Convolutional neural networks (convnets, CNNs) are a powerful type of neural network that is used primarily for image classification. CNNs were originally designed by Geoffery Hinton, one of the pioneers of Machine Learning. Their location invariance makes them ideal for detecting objects in various positions in images. Google, Facebook, Snapchat and other companies that deal with images all use convolutional neural networks.
Convnets consist primarily of three different types of layers: convolutions, pooling layers, and one fully connected layer. In the convolutional layers, a matrix known as a kernel is passed over the input matrix to create a feature map for the next layer. The dimensions of the kernel can also be adjusted to produce a different feature map, or to expand the data along one dimension while reducing its size along the other axes. Sometimes, values on the feature map are computed by taking the sum of the result of an element-wise multiplication of the kernel and an appropriately sized section of the input matrix. Often, a dot product is used instead of the element-wise multiplication, but this can be modified for better (or worse) results. Another technique to improve CNNs is to use multiple kernels in a given convolutional layer and concatenate the results to create the feature map. The fact that one kernel is used for the entire image makes convolutional neural networks very location-invariant and prevents them from overfitting. Here is an example of a convolution:
You can see how the filter maps a set of points from the input matrix to a single node in the next layer. Here is a more low-level diagram of a convolution:This convolution takes the sum of the element-wise product of the filter and a chunk of the input. The filter used in the diagram could be used for sharpening an image because it boosts the value of pixels that are different from their neighbors. When training a CNN, the network may learn filters like this one to extract meaningful information from images.

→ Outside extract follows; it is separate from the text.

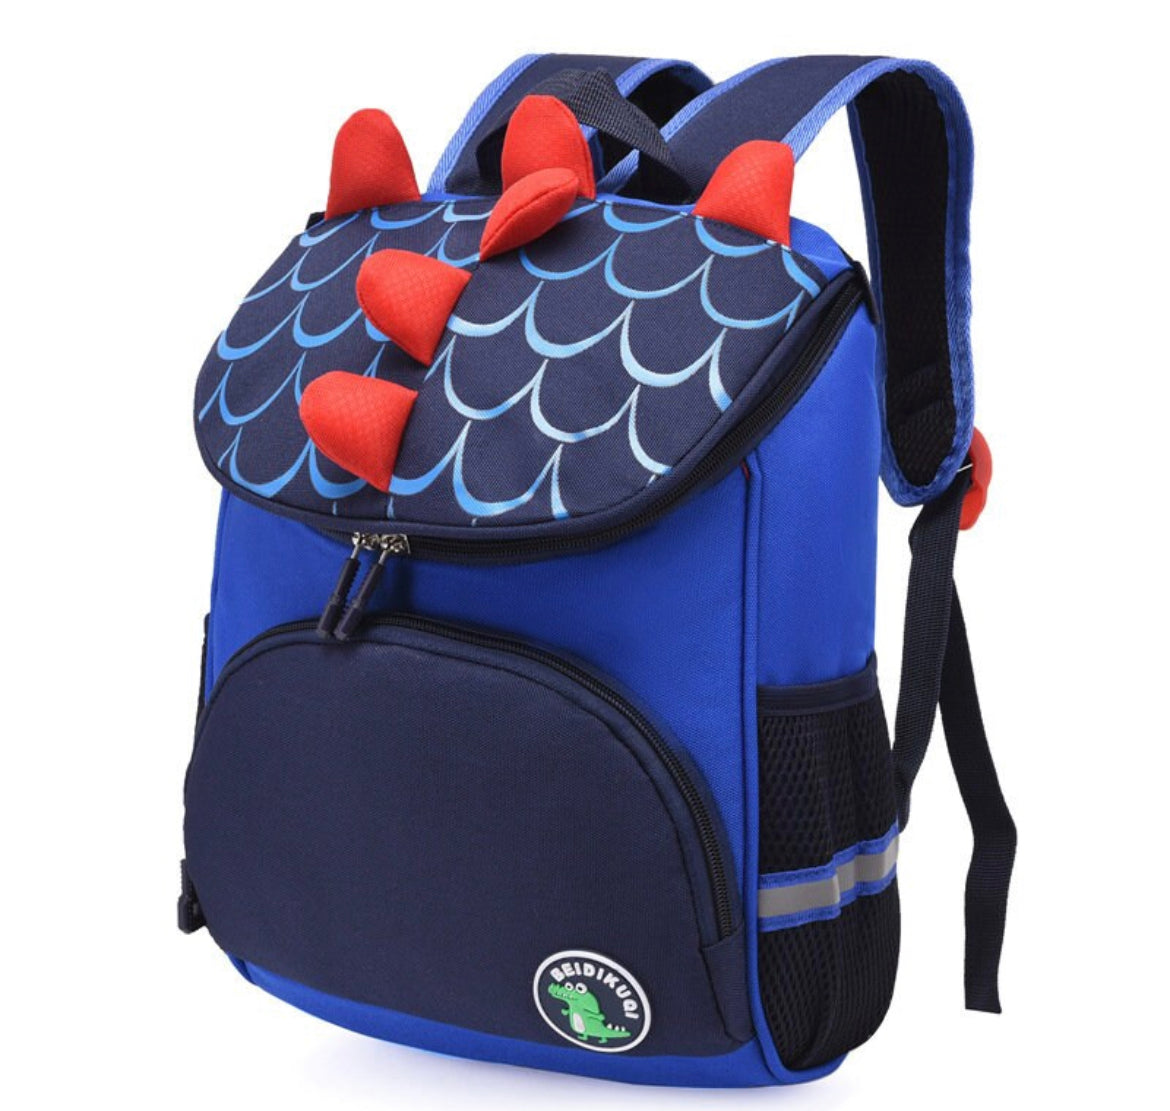 Personalized Embroidered Dinosaur Backpack

Next, a pooling layer is applied to the feature map produced by the convolution. Max pooling, the most common type of pooling, simply means taking the maximum value from a given array of numbers. In this case, we split up the feature map into a bunch of \(n\times n\) boxes and choose only the maximum value from each box. Here is what that looks like:
The final layer of a convolutional neural network is called the fully connected layer. This is a standard neural network layer in which some nonlinearity (ReLu, tanh, sigmoid, etc.) is applied to the dot product of an input and a matrix of weights. Then a softmax function can convert the output into a list of probabilities for classification.
Convolutional neural networks usually have far more than just three layers. Convolutions and max-pooling layers can be stacked on top of each other indefinitely for better results. Here is an image of a very deep convolutional neural network with many layers:
Convolutional neural networks are most commonly used for image classification. Their location invariance makes them ideal for detecting objects in various positions in images. Google, Facebook, Snapchat and other companies that deal with images all use convolutional neural networks. Another less common use for CNNs is text classification. A list of Word2Vec or Glove embeddings may be used as the input for a CNN, which could be trained to recognize sentiment or some other classification.